Michael Neumann mneumann at ntecs.de
Wed Jan 7 16:08:12 PST 2009


Am 06.01.2009 00:48, schrieb Simon 'corecode' Schubert:
> Erik Wikström wrote:
>> On 2009-01-05 15:02, B. Estrade wrote:
>>> On Mon, Jan 05, 2009 at 02:29:19PM +0100, Erik Wikstr??m wrote:
>>>> On 2009-01-05 12:33, Jeremy Chadwick wrote:
>>>>> On Sun, Jan 04, 2009 at 05:06:13PM +0100, Michael Neumann wrote:
>>>>>> This question bugs me since a quite long time so I write it down...
>>>>>>
>>>>>> FreeBSD had a long thread about pros and cons of using C++
>>>>>> in the kernel here [1].
>>>>>>
>>>>>> I'm undecided whether it would be good to use C++ in the DragonFly
>>>>>> kernel.
>>>>> Regardless of what folks decide, I ask that everyone keep one 
thing in
>>>>> mind (which so far in this thread has not been mentioned):
>>>>>
>>>>> This is an open-source project.
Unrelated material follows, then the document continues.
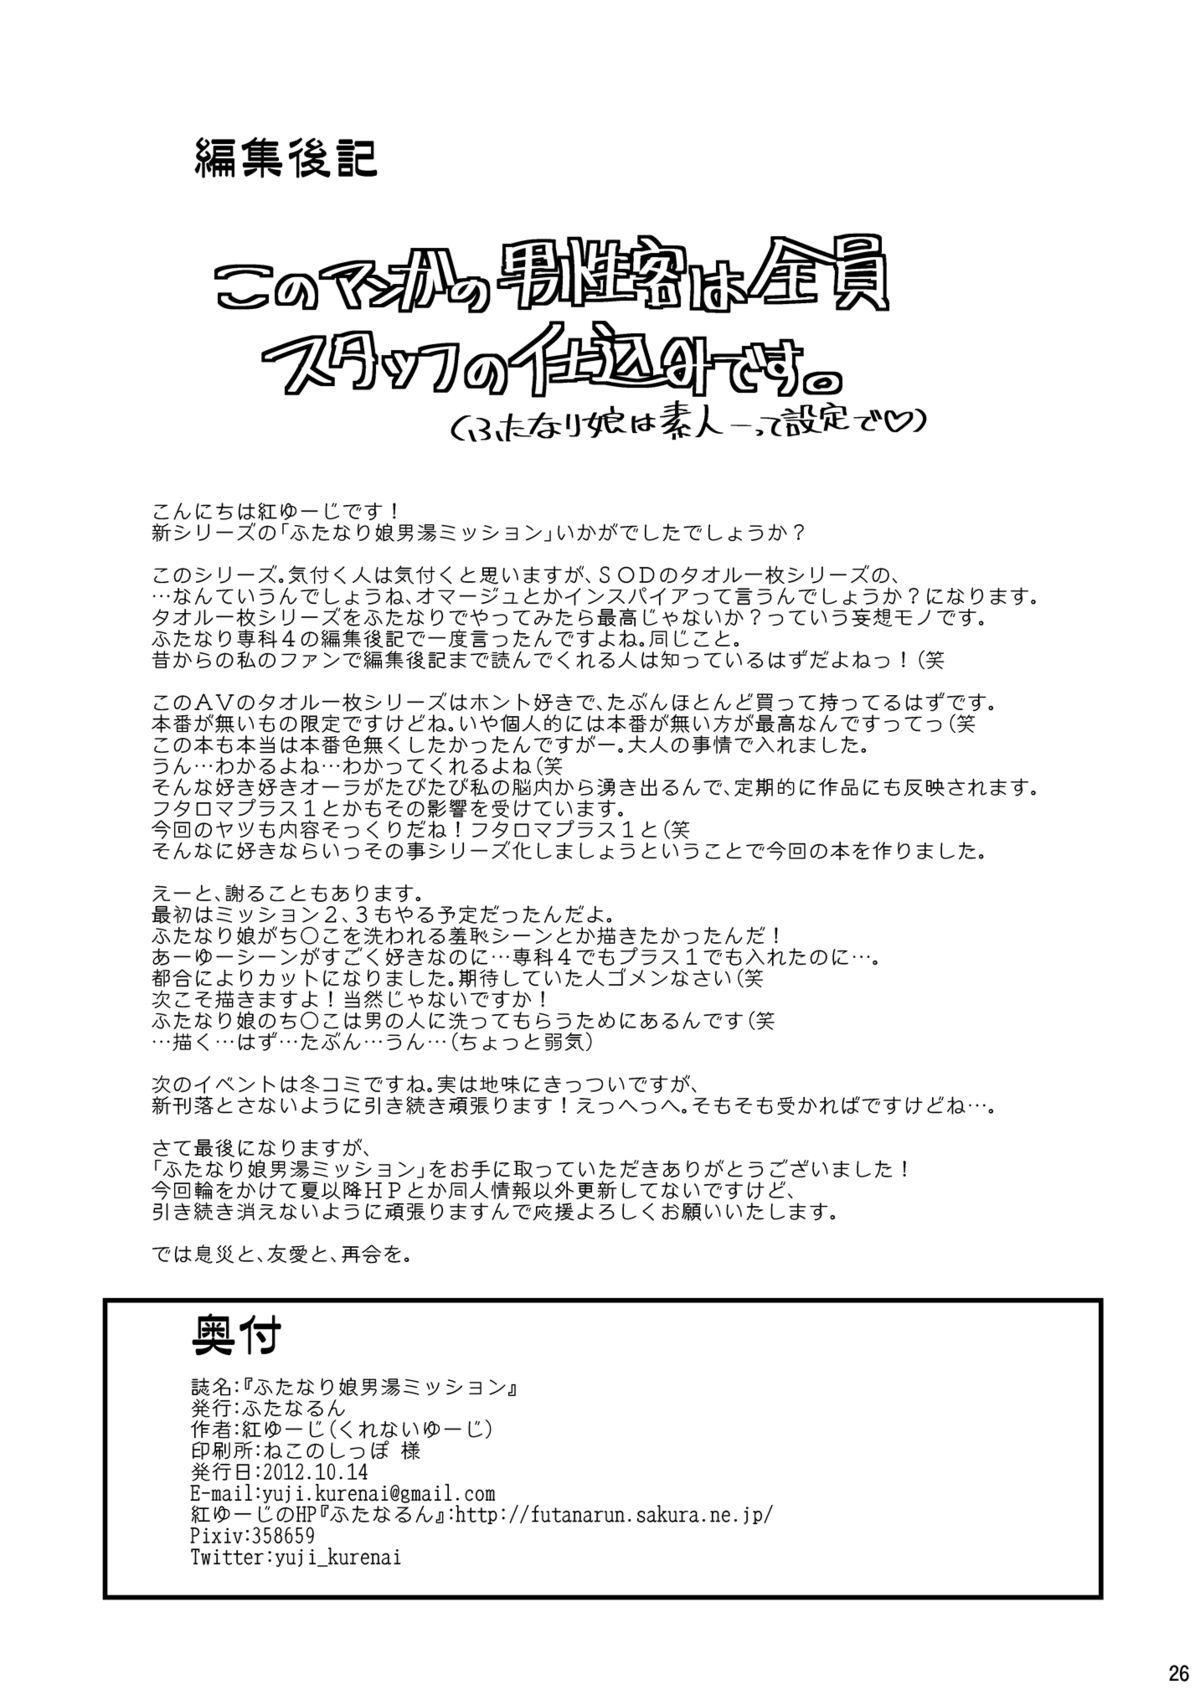 Futanari Musume Otokoyu Mission 24

What guarantee is there that all
>>>>> members of the project (at the time, or in the future) are going to
>>>>> understand all the intricacies and C++ nomenclature?
>>>>> This story is not meant to reflect on C++ the language. I hope 
readers
>>>>> understand the point of the story, and take into considerations the
>>>>> pros
>>>>> and cons of said choice.
>>>> That is a very important consideration, however I would like to point
>>>> out that for kernel development only a very limited subset of the C++
>>>> language would be used. I would assume that the most desirable 
features
>>>> would be 1) real classes with member-functions as opposed to structs
>>>> and
>>>> functions that work on them, 2) inheritance, 3) constructors/
>>>> destructors, and 4) templates, which are quite easy to understand.
>>> Is the current code bad or something? What exactly is the problem that
>>> can be "solved" with C++?
>>
>> Actually I think the current code is quote good, at least the part's of
>> it that have been changed the last decade or so. And there is no problem
>> that can't be solved in C (or Fortran or Ada) that can't be solved in
>> C++. But fact is that many parts of the kernel uses object oriented
>> programming, but C does not have support for this at the language level
>> and C++ does. It is also a fact that current code uses macros to create
>> generic types (such as lists and queues) and once again this is
>> something that C++ has language level support for.
>
> I'd like to see a non-ugly template implementation that can be used like
> our current queue.h/tree.h macros. I don't like C++, but I'd be
> positively surprised it this could be solved elegantly.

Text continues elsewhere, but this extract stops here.